Ennius must be considered as the father of Roman epic poetry; and the eminent services which he performed for the literature of Rome were fully appreciated by ancient writers. Throughout his works there ran a strain of noble and passionate feeling. The language, though sometimes rough and unpolished, was full of power, and even of sublimity. The structure of the verse was more regular, from the introduction of hexameters, than that in which his predecessors had sung. The principal work, from which we have numerous fragments, was the Annales, an epic poem in eighteen books, in which Ennius sang the history of Rome, from its foundation till his own times. In another work, written in catalectic tetrameter, he celebrated the deeds of the elder Scipio. Besides, he had composed satires and other minor poems, which seem, however, to have been rather translations from the Greek writers: Edesphogetica, or Phageticia, in hexameters, a gastronomic poem after the Greek of Archestratus; several epigrams; Epicharmus, a didactic poem on the nature of things, in trochees and hexameters, from the Greek of Epicharmus; Protepticus, of a moral nature; Praeptula, perhaps the same as the preceding; Asotus, or Solitudinis; also a Latin prose translation of the well-known Greek work of Euhemerus on the Gods; and perhaps in prose, a work on the Rape of the Sabines. His tragedies seem to have been generally composed in imitation of the Greek dramatic writers, Aeschylus, Sophocles, Euripides, and others. Those whose titles have been preserved to us are the following: Medea, Iphigenia (after Euripides), Achilles, Ajax (after Sophocles); Telamon, Hector's Lustra; Alexander, Andromache, Hecuba, Eu- menides (after Aeschylus); Dulorestes, Erichtho, Cresphon, Athanas, Andromeda, Telephas, Thesyes, Phoenix, Melanippe, Alcmena, Cressa, Alcestis, Nemea, Ilione or Polydorus, and Antiope.

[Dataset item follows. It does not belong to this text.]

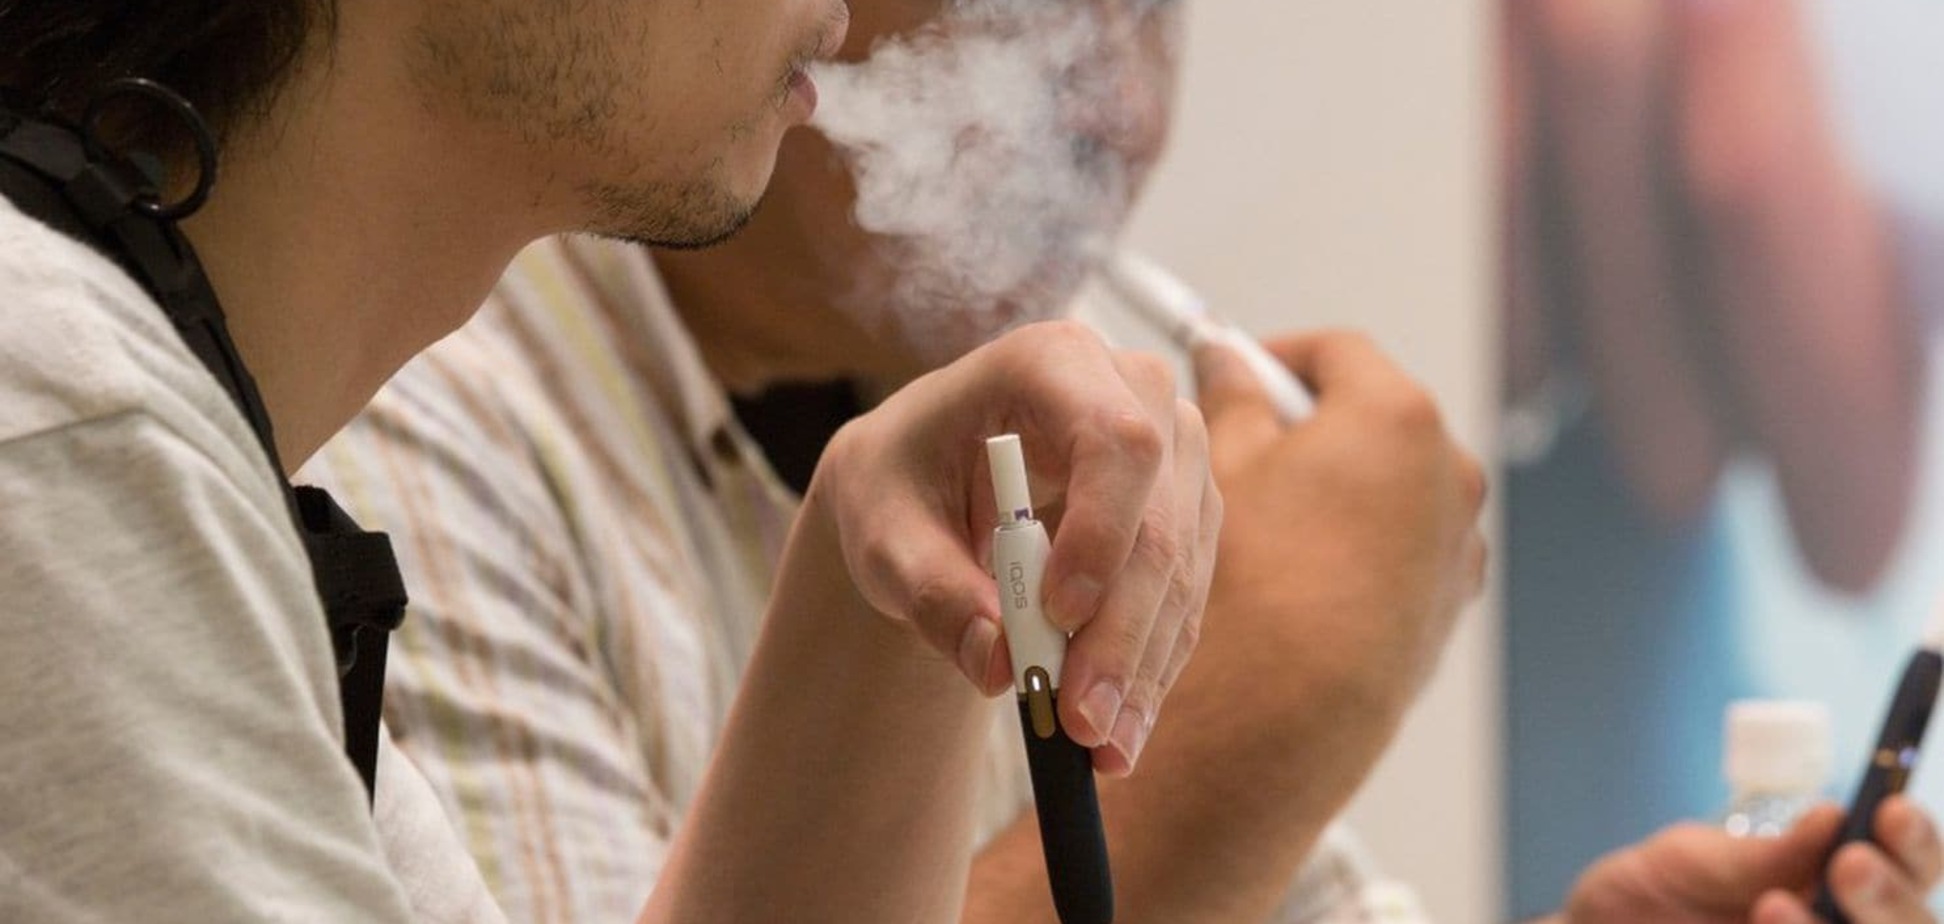 Система нагревания табака IQOS выделяет гораздо меньше вредных веществ, чем сигареты - эксперты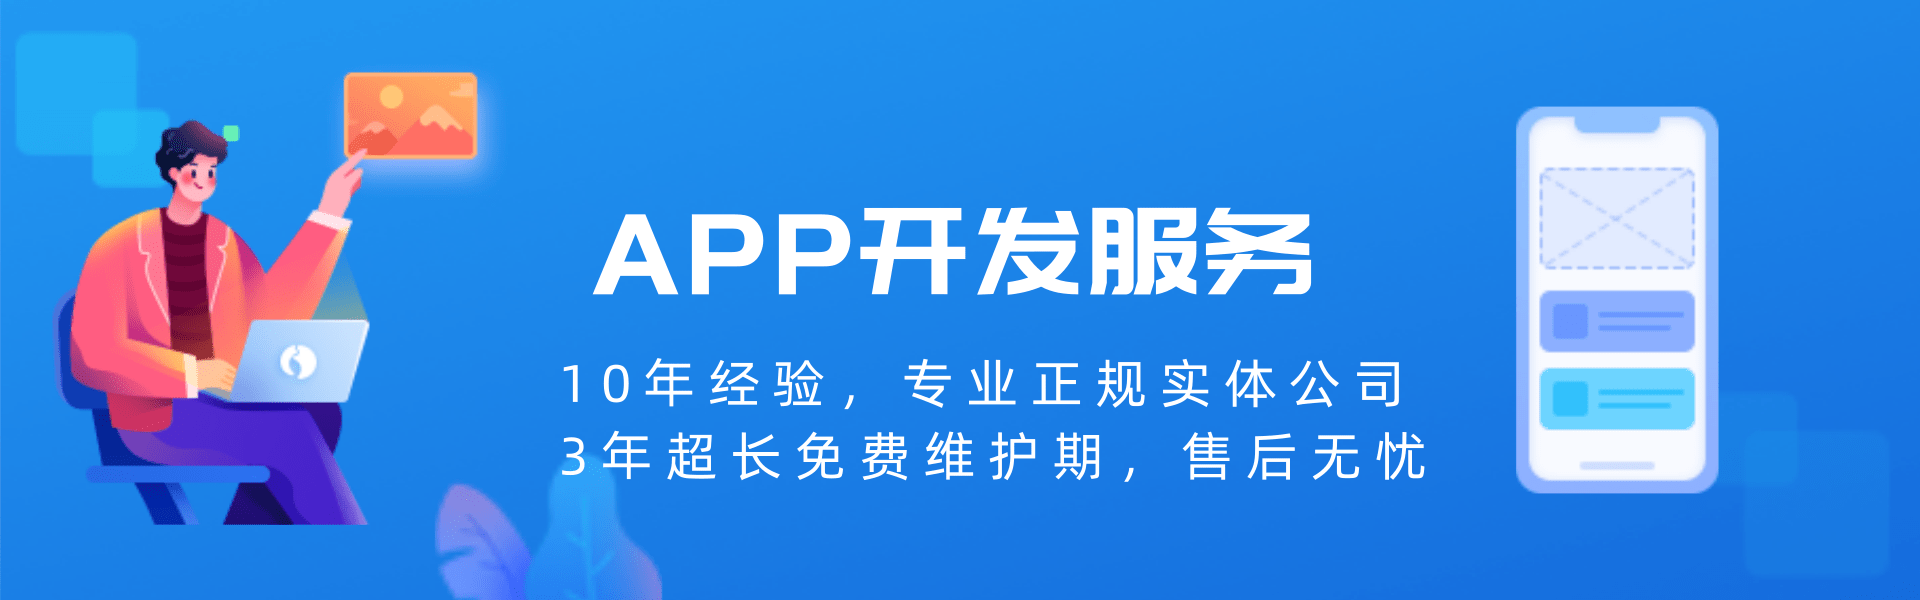 天品互联北京APP开发公司-轮播图

The titles and fragments of several of his comedies have also been preserved, which, like his tragedies, are copied from the Greek dramatic writers of the new comedy. They are, Amphitruo, Ambracia, Panarettae.

The fragments of Ennius were published by Columba (at Naples, 1590); and again in the Corpus Poetarum by Hesselius (At, Amsterdam, 1707). The fragments of the Anabasis were collected and published by P. Merula (Lugdum Bat., 1595), and by Spangenberg (Leipzig, 1825). The tragedy of Medea was published in part, with a selection of other fragments, and a learned commentary, by H. M. Fluck (Hanover, 1867; 4to).

For a detailed account of the life and character of Ennius, the reader may consult W. Fr. Kreidmuller Oratio de Q. Ennio, Jenae, 1754; Krause, Vitae et Fragmenta veterum Historicorum Romanorum, Berlin, 1833, two volumes; Fabricii Bibliotheca Latina (vol. p. 664), Hamburg, 1721; also Geschichte der Römischen Literatur von Bahr, Carlsruhe, 1832.